Poi c’è sempre una questione che forse ancora adesso molte donne non ritengono di avere granché da scrivere. Una specie di sindrome dell’impostore (o dell’impostora) che porta ad avere una maggiore esitazione iniziale nell’intraprendere il lavoro. Forse sull’autostima femminile abbiamo ancora da ragionare.
Però comunque c’è una maggiore presa di coscienza anche attraverso il linguaggio.
Sì, soprattutto mi viene da dire che una delle basi dell’emancipazione femminile sta proprio nella presa di coscienza dei mezzi a disposizione. Da questo punto di vista credo che oggi, almeno in molti paesi del mondo, non ci sono delle discriminazioni o degli sbarramenti a livello biologico. Dopodiché siamo bravissime, anche a crearci degli sbarramenti da sole. Un comportamento che ho notato soprattutto quando mi trovo di fronte alle studentesse universitarie che devono essere in qualche modo convinte e spronate a dire la loro.

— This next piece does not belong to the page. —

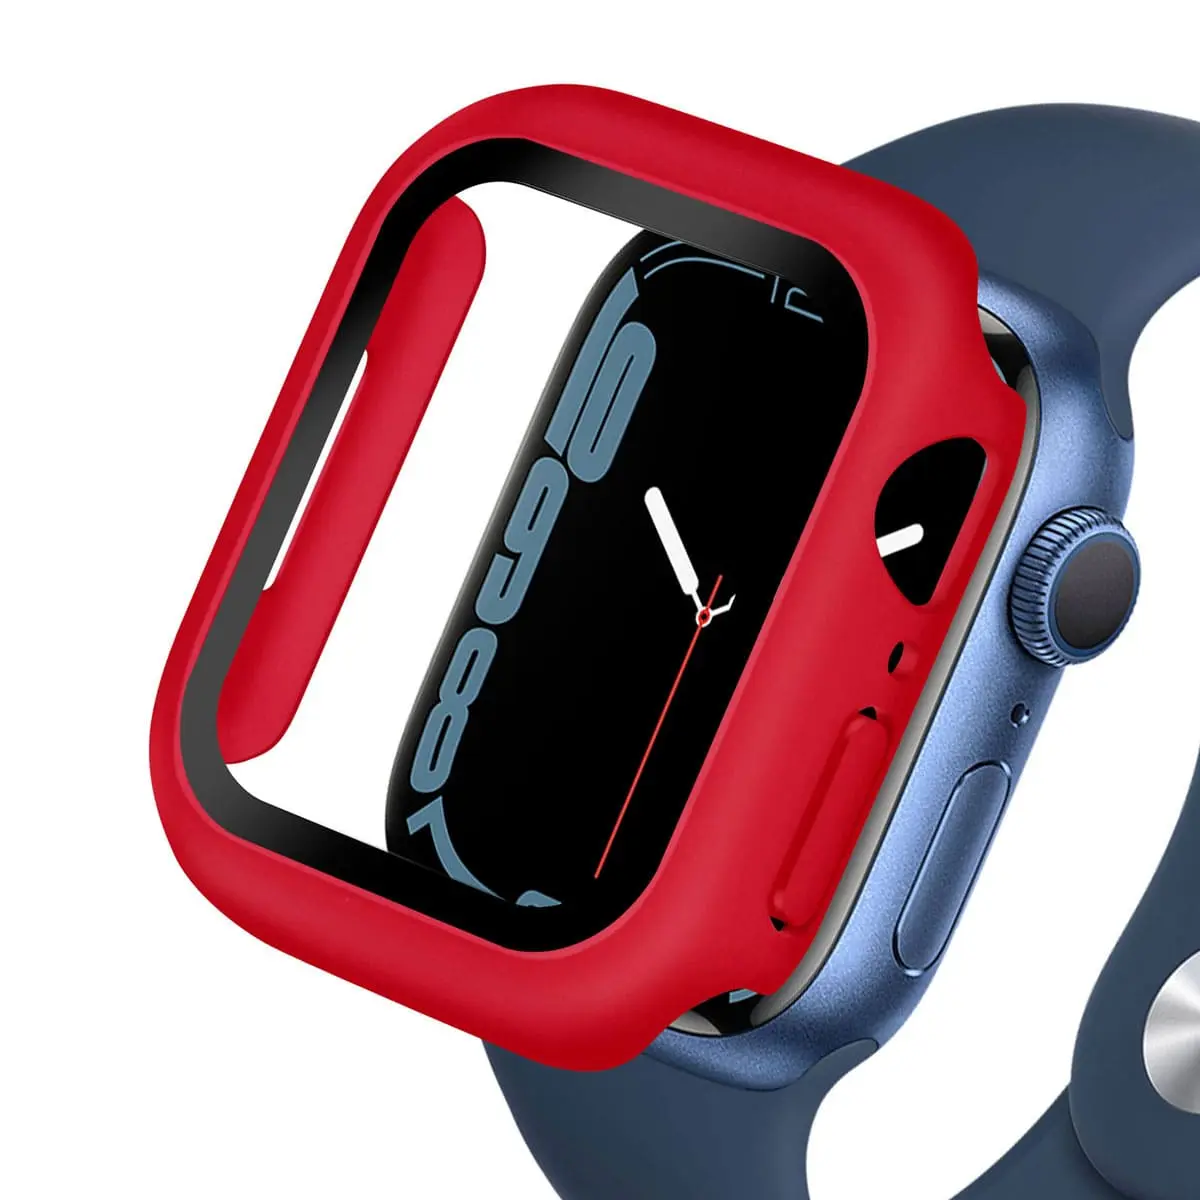 Tous les accessoires pour Apple Watch disponibles sur Gsm55

Quale autrice o parola che hai raccolto in questo libro ti appartiene di più?
Non lo so, in realtà. Non c’è una parola alla quale poi io sia più affezionata che alle altre. Le dico invece una parola che mi sono resa conto che mancava: la rabbia. La rabbia femminile è spesso squalificata e viene scambiata per isteria o altro, quando invece ci sono dei momenti in cui non si possono, secondo me, dire le cose con gentilezza. E questa è una cosa che mi ha insegnato Michela Murgia e che non dimenticherò mai.